Hm, yeah, I don’t think I fully understand you here either, and this seems somewhat different than what we discussed via email.
My concern is with (2) in your list. “[T]hey do not wish to be convinced to expand their moral circle” is extremely ambiguous to me. Presumably you mean they—without MCE advocacy being done—wouldn’t put in wide-MC* values or values that lead to wide-MC into an aligned AI. But I think it’s being conflated with, “they actively oppose” or “they would answer ‘no’ if asked, ‘Do you think your values are wrong when it comes to which moral beings deserve moral consideration?’”
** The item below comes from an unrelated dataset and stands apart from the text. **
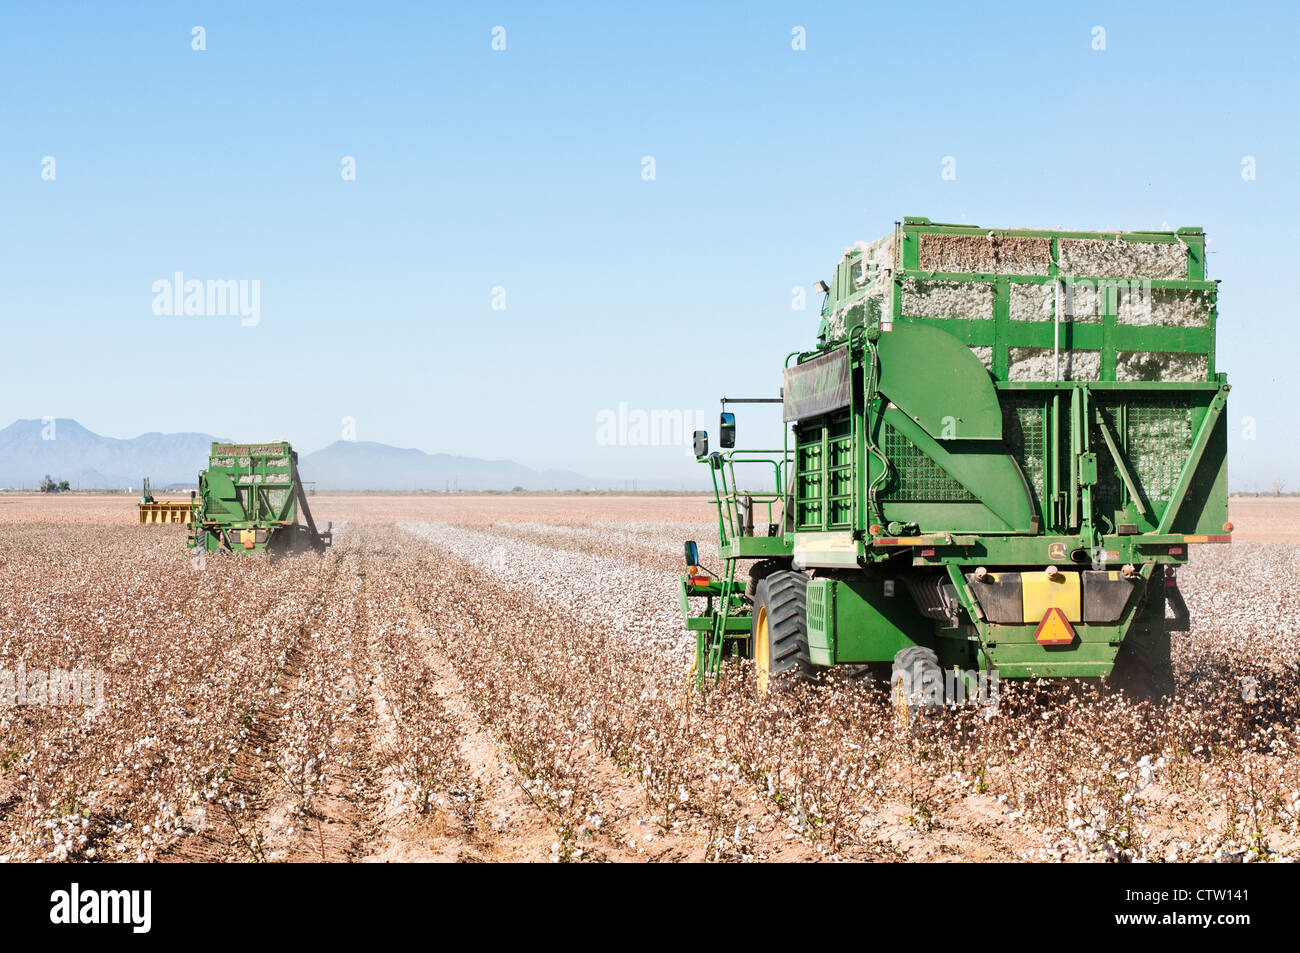 A pair of cotton picking machines harvest a cotton field in Arizona. Stock Photo

I think they don’t actively oppose it, they would mostly answer “no” to that question, and it’s very uncertain if they will put the wide-MC-leading values into an aligned AI. I don’t think CEV or similar reflection processes reliably lead to wide moral circles. I think they can still be heavily influenced by their initial set-up (e.g. what the values of humanity when reflection begins).
This leads me to think that you only need (2) to be true in a very weak sense for MCE to matter. I think it’s quite plausible that this is the case.
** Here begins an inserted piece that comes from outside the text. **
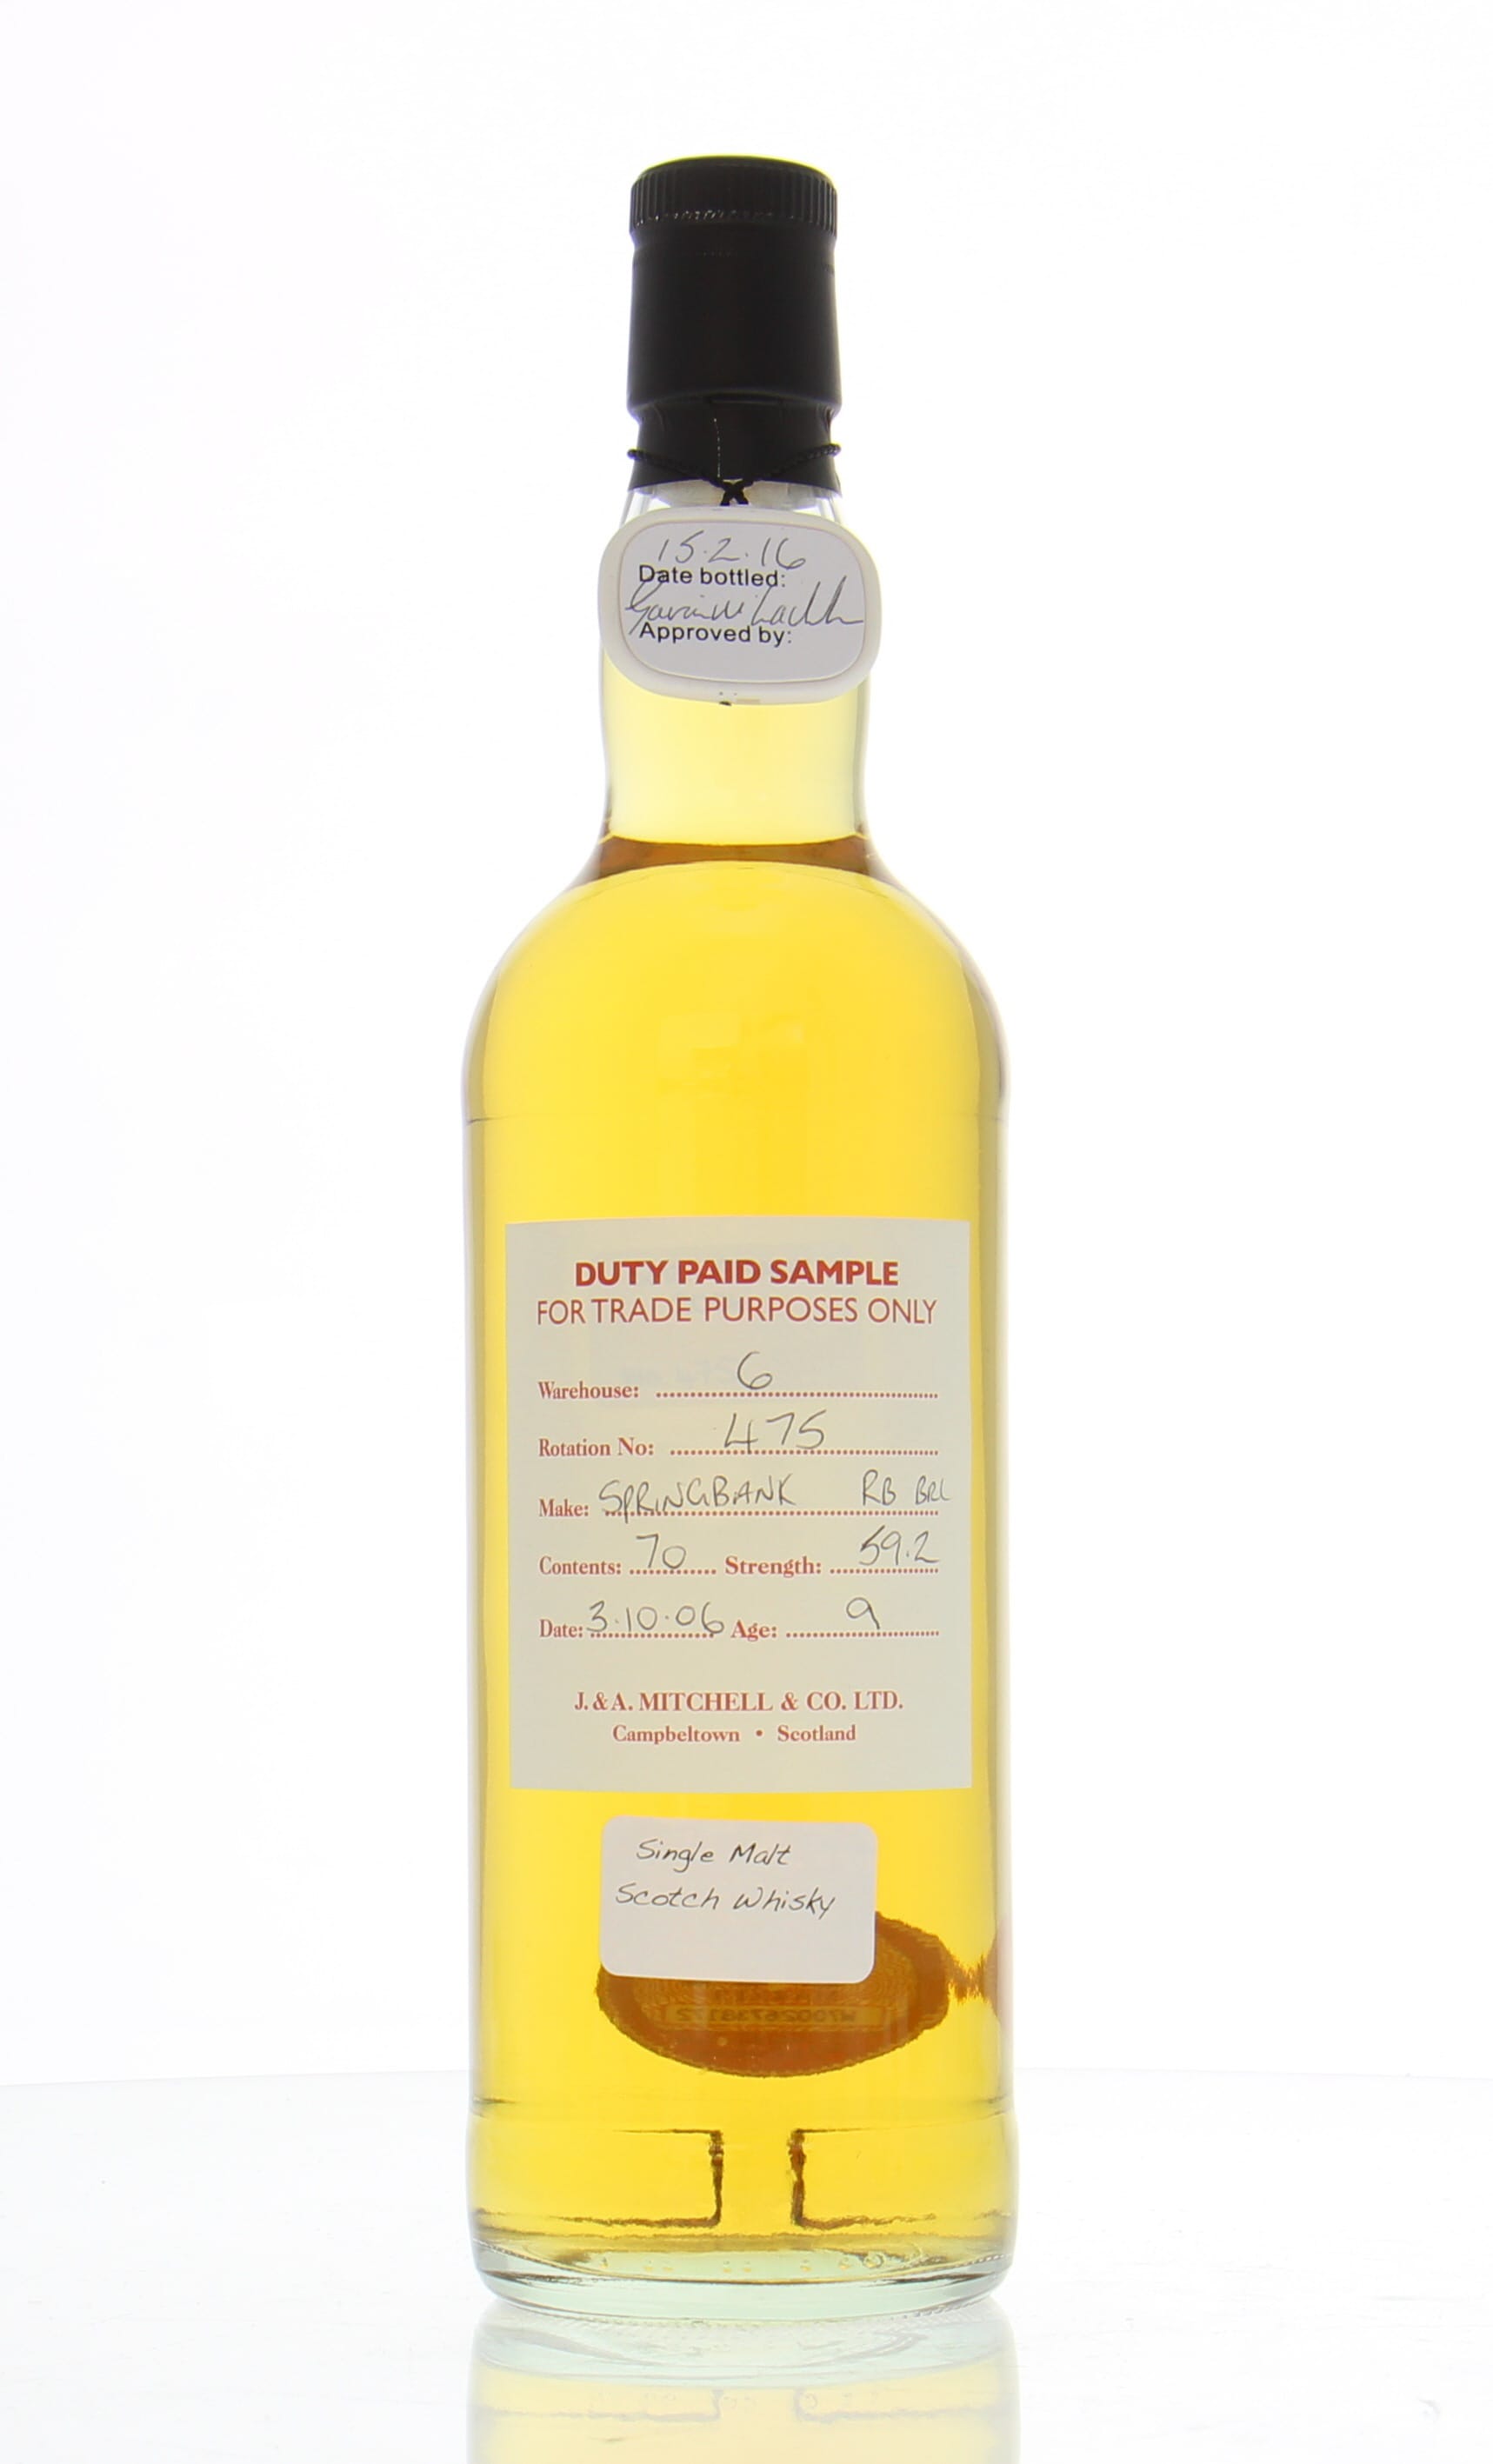 Springbank - 9 Years Old Duty Paid Sample Warehouse 6 Rotation 475 59.2% 2006 Perfect

*Wide-MC meaning an extremely wide moral circle, e.g. includes insects, small/weird digital minds.
I don’t think CEV or similar reflection processes reliably lead to wide moral circles. I think they can still be heavily influenced by their initial set-up (e.g. what the values of humanity when reflection begins).
Why do you think this is the case?
Do you think there is an alternative reflection process (either implemented by an AI, by a human society, or combination of both) that could be defined that would reliably lead to wide moral circles? Do you have any thoughts on what would it look like?
If we go through some kind of reflection process to determine our values, I would much rather have a reflection process that wasn’t dependent on whether or not MCE occurred before hand, and I think not leading to a wide moral circle should be considered a serious bug in any definition of a reflection process. It seems to me that working on producing this would be a plausible alternative or at least parallel path to directly performing MCE.
I think that there’s an inevitable tradeoff between wanting a reflection process to have certain properties and worries about this violating goal preservation for at least some people. This blogpost is not about MCE directly, but if you think of “BAAN thought experiment” as “we do moral reflection and the outcome is such a wide circle that most people think it is extremely counterintuitive” then the reasoning in large parts of the blogpost should apply perfectly to the discussion here.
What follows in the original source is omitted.